— Assignment —
Drop the pictures and restate the rest of the listing word for word.

(Dataset extract)

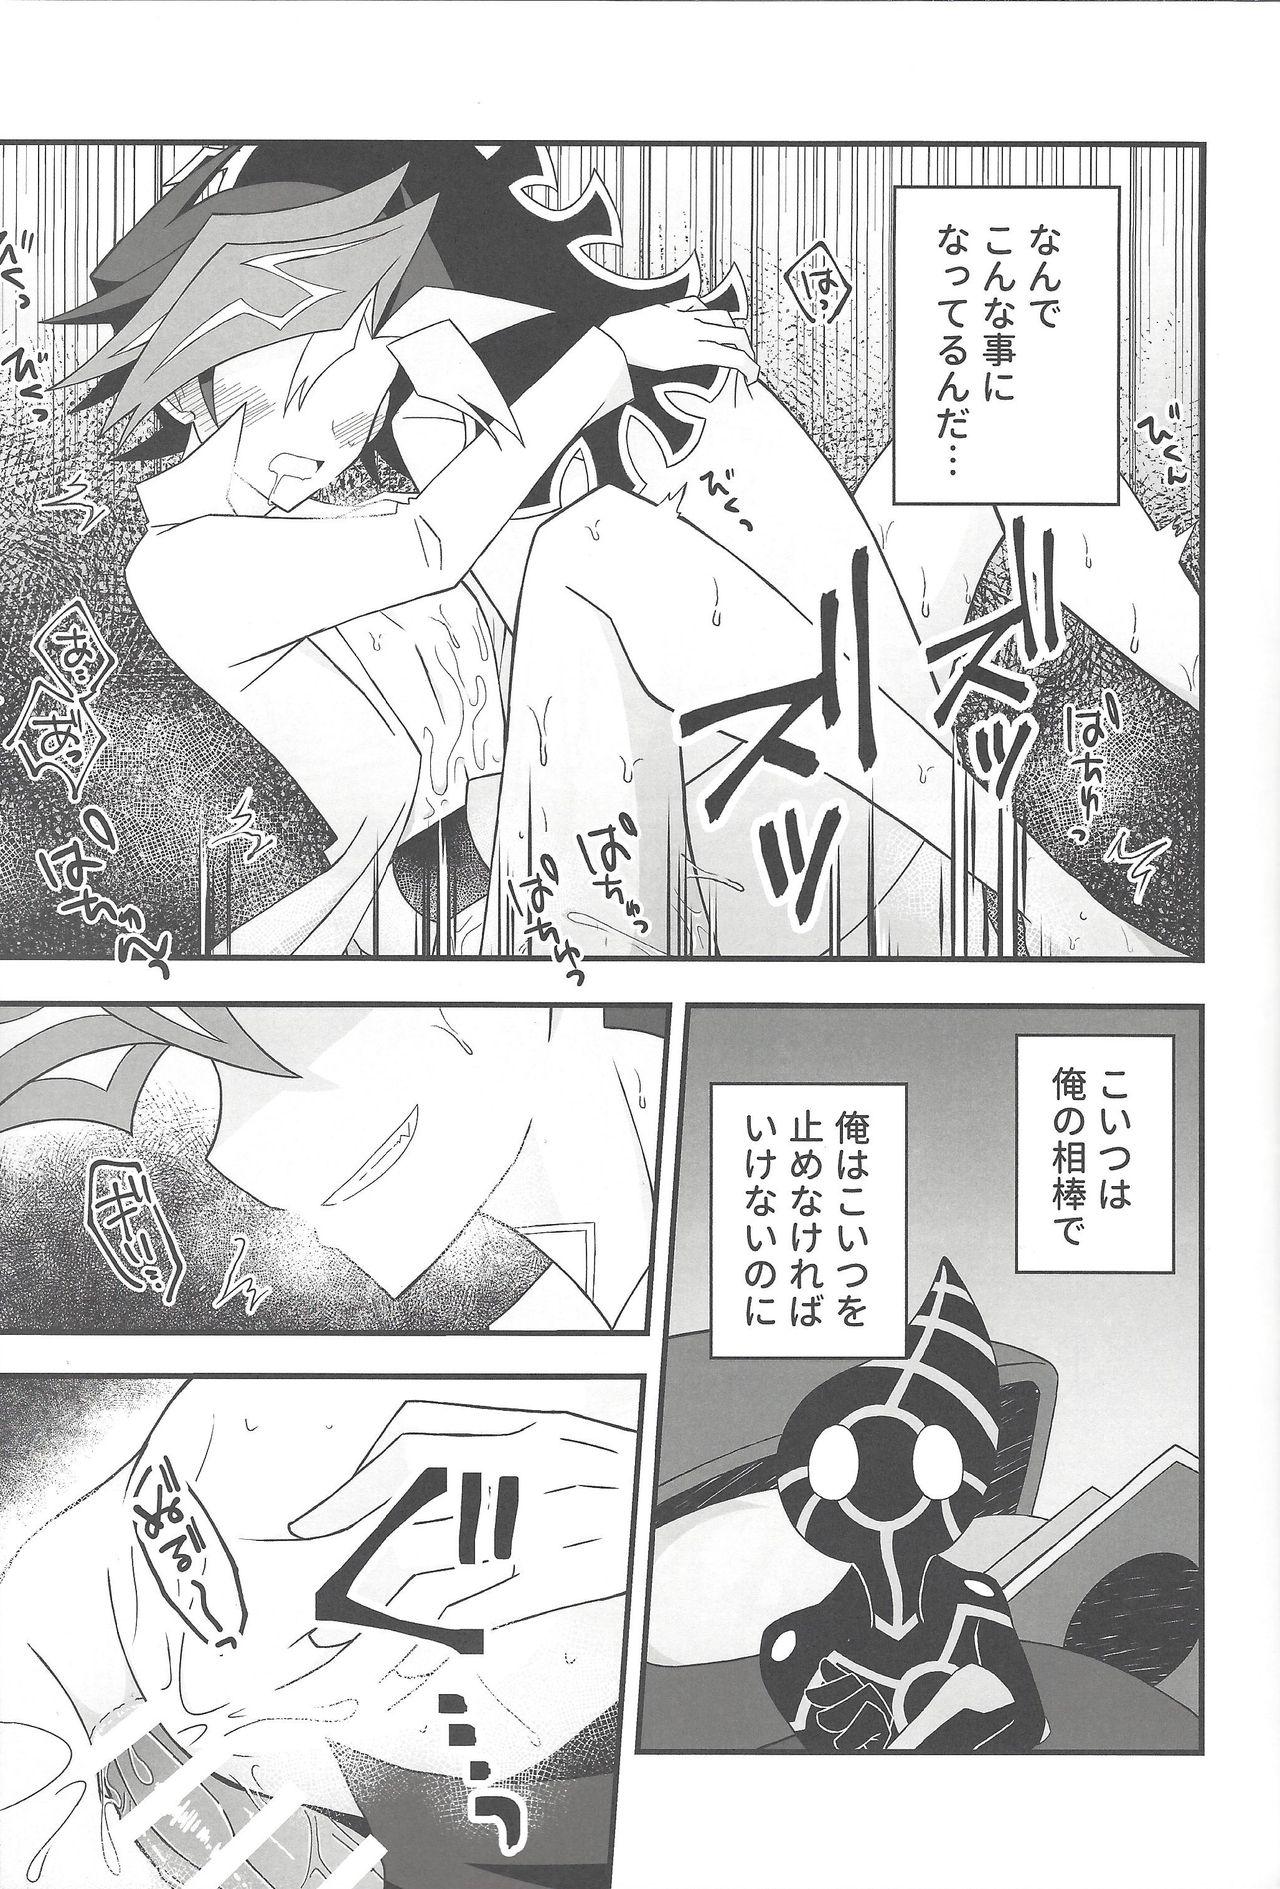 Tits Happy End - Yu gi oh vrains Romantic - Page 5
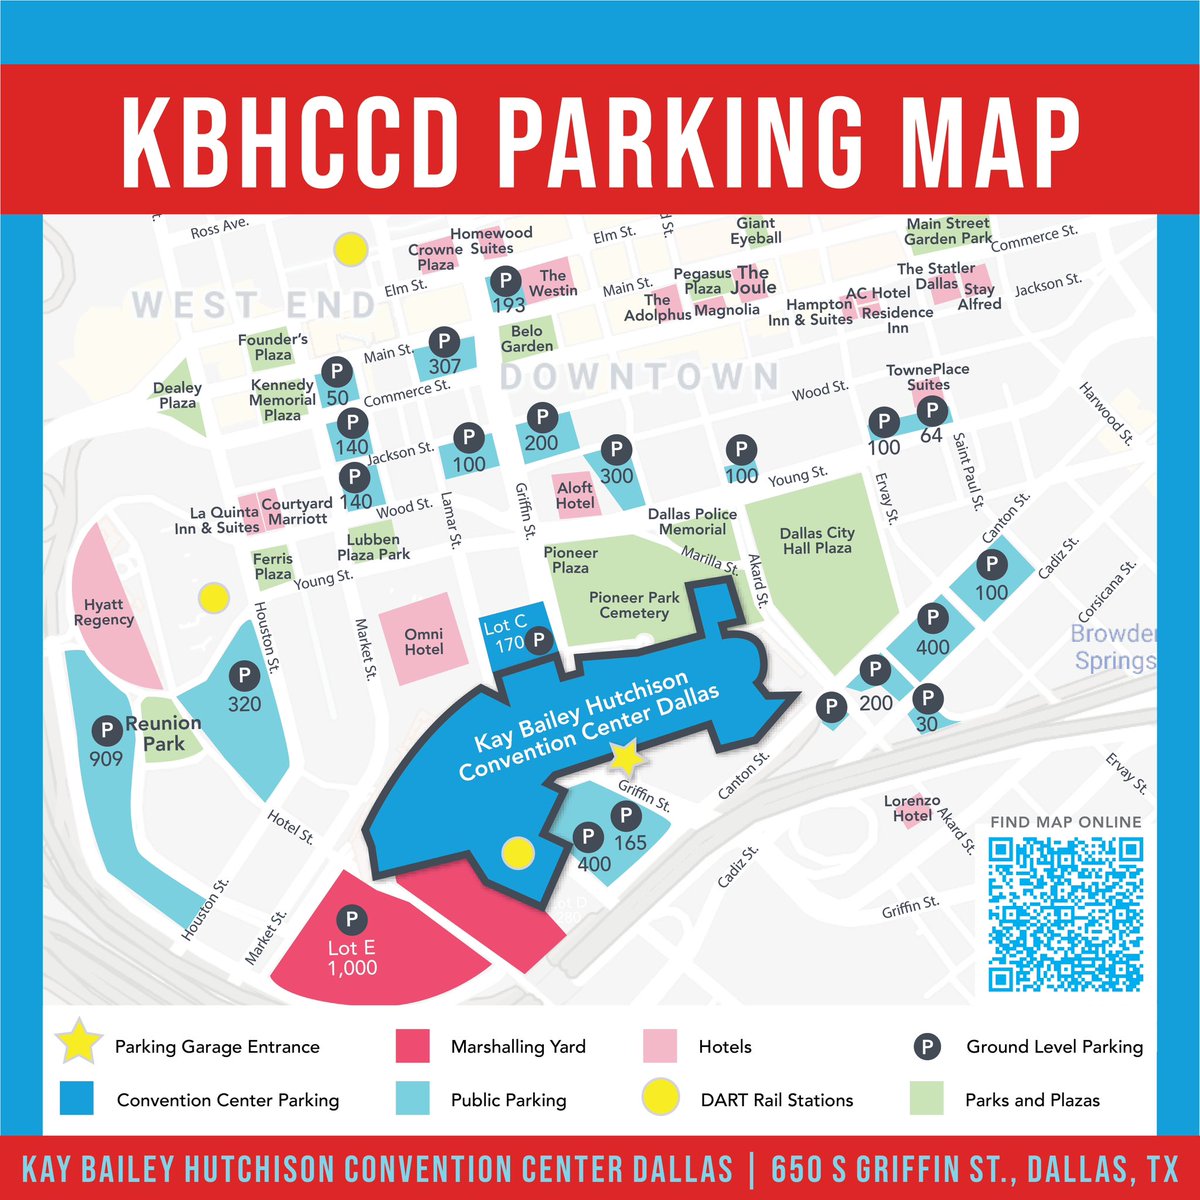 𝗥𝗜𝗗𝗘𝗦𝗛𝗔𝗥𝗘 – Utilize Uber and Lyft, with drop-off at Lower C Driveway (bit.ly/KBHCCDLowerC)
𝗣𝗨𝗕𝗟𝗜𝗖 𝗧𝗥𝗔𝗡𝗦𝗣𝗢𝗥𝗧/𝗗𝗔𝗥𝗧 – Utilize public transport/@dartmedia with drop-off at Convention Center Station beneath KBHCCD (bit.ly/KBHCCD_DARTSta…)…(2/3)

(End Dataset extract)

— Reply to the exercise —
 Tits Happy End - Yu gi oh vrains Romantic - Page 5
 𝗥𝗜𝗗𝗘𝗦𝗛𝗔𝗥𝗘 – Utilize Uber and Lyft, with drop-off at Lower C Driveway (bit.ly/KBHCCDLowerC)
𝗣𝗨𝗕𝗟𝗜𝗖 𝗧𝗥𝗔𝗡𝗦𝗣𝗢𝗥𝗧/𝗗𝗔𝗥𝗧 – Utilize public transport/@dartmedia with drop-off at Convention Center Station beneath KBHCCD (bit.ly/KBHCCD_DARTSta…)…(2/3)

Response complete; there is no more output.